The Board of Trustees of the Alaska Permanent Fund Corp. has also repeatedly warned lawmakers not to overdraw the fund. “It is something the Board of Trustees is talking about, it’s something we continue to be concerned about,” Rodell said.

But there are also concerns about cutting back state spending either through the Permanent Fund dividend or to state services, particularly during the COVID-19 pandemic.

“The state potentially cannot afford to not pump more money into the economy, given the severity of the crisis it’s facing,” said Mouhcine Guettabi, an economist with the Institute of Social and Economic Research.

Guettabi emphasized that if legislators overdraw the fund during the pandemic, they should only do it with a clear fiscal plan.

Changing revenue picture for Alaska

A big change in recent years has been to Alaska’s revenue picture.

In 2014, the oil and gas industry accounted for roughly 88% of Alaska’s unrestricted general fund revenue. According to the Department of Revenue’s spring revenue forecast, oil and gas will pay for less than 20% of the state budget in 2021.

The Permanent Fund will now account for over 70% of Alaska’s state spending.

“The state has become an investment state,” Guettabi said. “The state does rely on an investment account much more than it does oil.”

Rodell, a Department of Revenue commissioner in 2013 and 2014, spoke about the scale of that shift. “When you think about that, it’s amazing to me how quickly the world has changed for us,” she said.

That change also puts pressure on the Permanent Fund, the dividend and the budget.
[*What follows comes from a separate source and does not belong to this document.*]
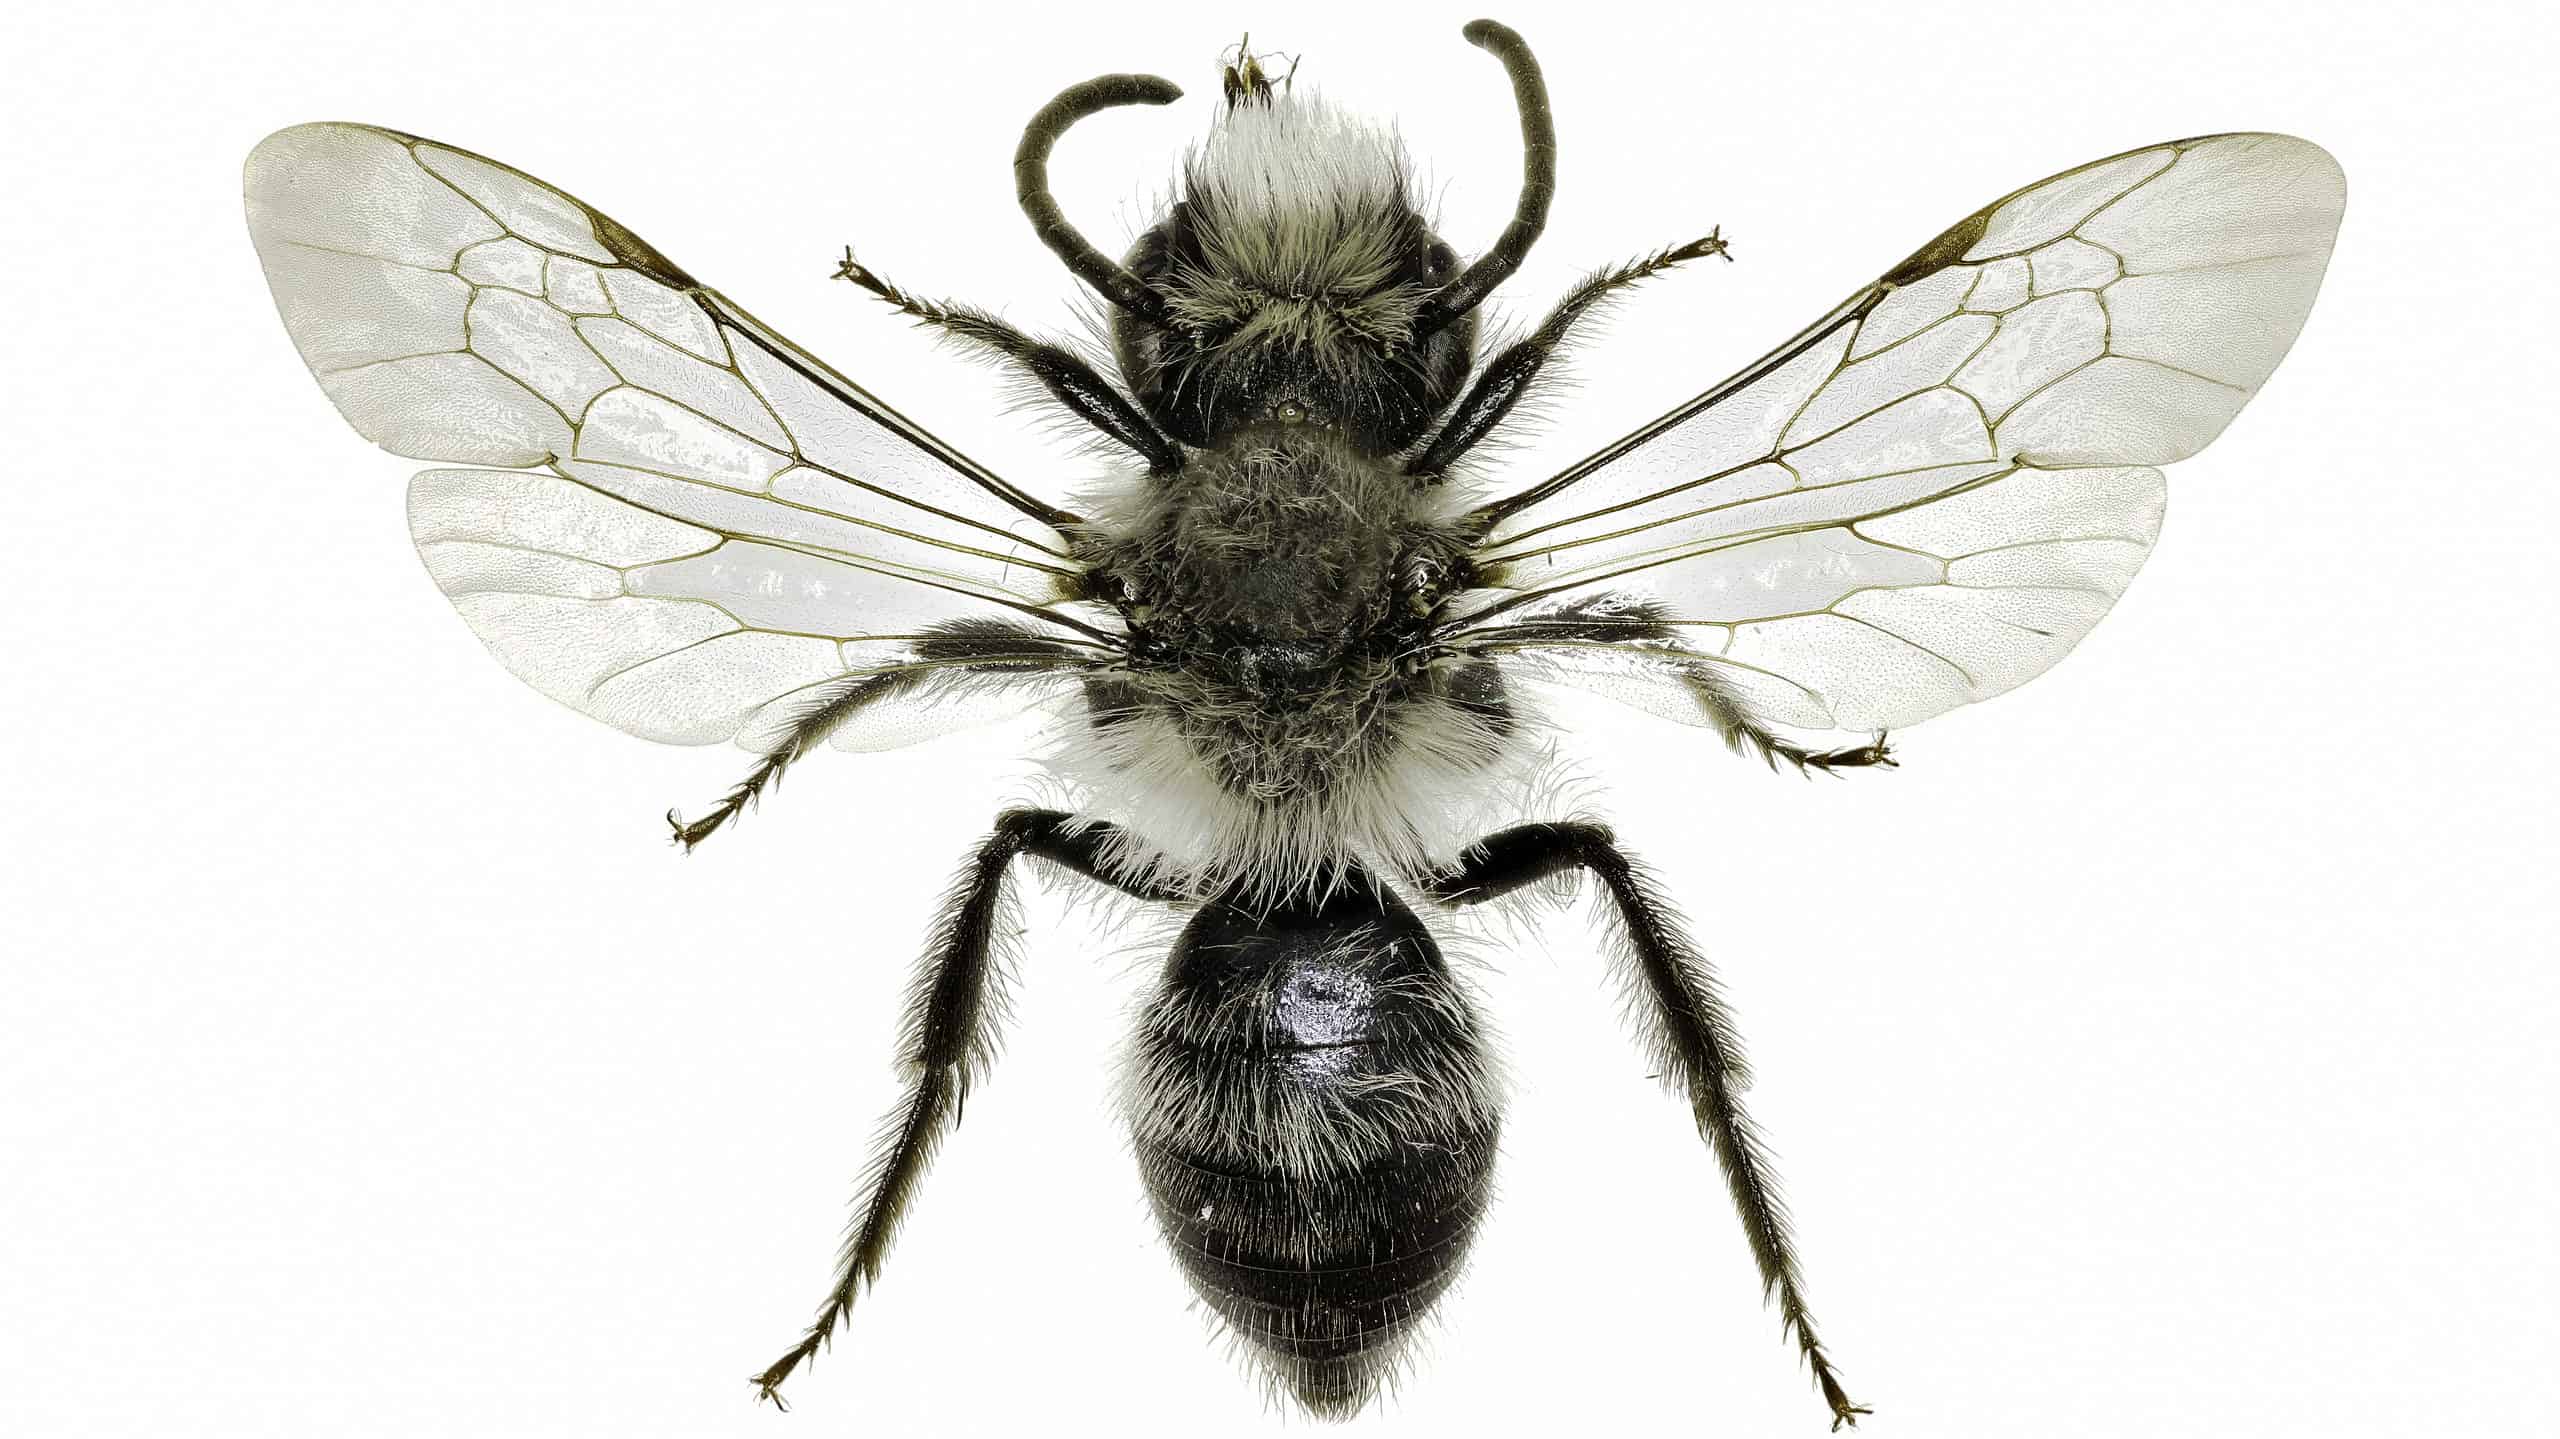 Macro of ashy mining bee against isolate white. The bee is primarily black with white hairs. There is a tuft of white hair on its head and its wings appear to be transparent but with very many veins
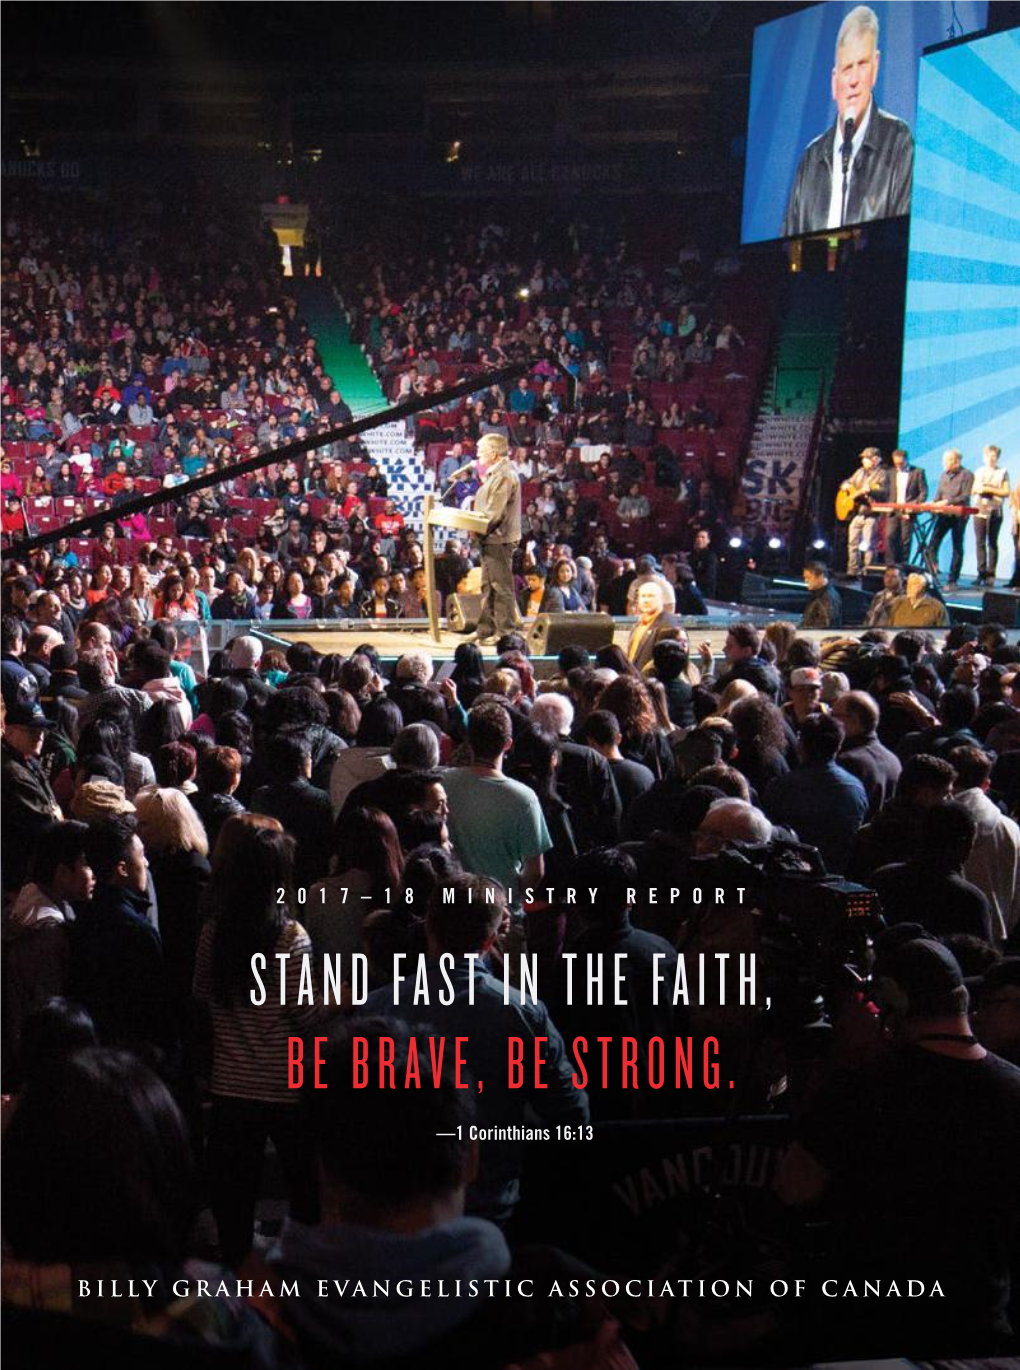 STAND FAST in the FAITH, BE BRAVE, BE STRONG. —1 Corinthians 16:13

Alaska’s operating budget was roughly $4.5 billion in state spending for the fiscal year that ended on June 30. A full statutory Permanent Fund dividend would cost around $2 billion in 2021 and pay roughly $3,100 to each eligible Alaskan.

If the budget stays flat and a full PFD is paid, the state would be more than $2 billion in deficit. Big decisions will be needed if legislators choose not to exhaust the ERA which can be spent down by a simple majority vote.

“We’re really at the point where we have to decide what we want the Permanent Fund to be used for, it can’t do it all,” Rodell said. “There’s just not enough money, or ways to earn money, to do it all.”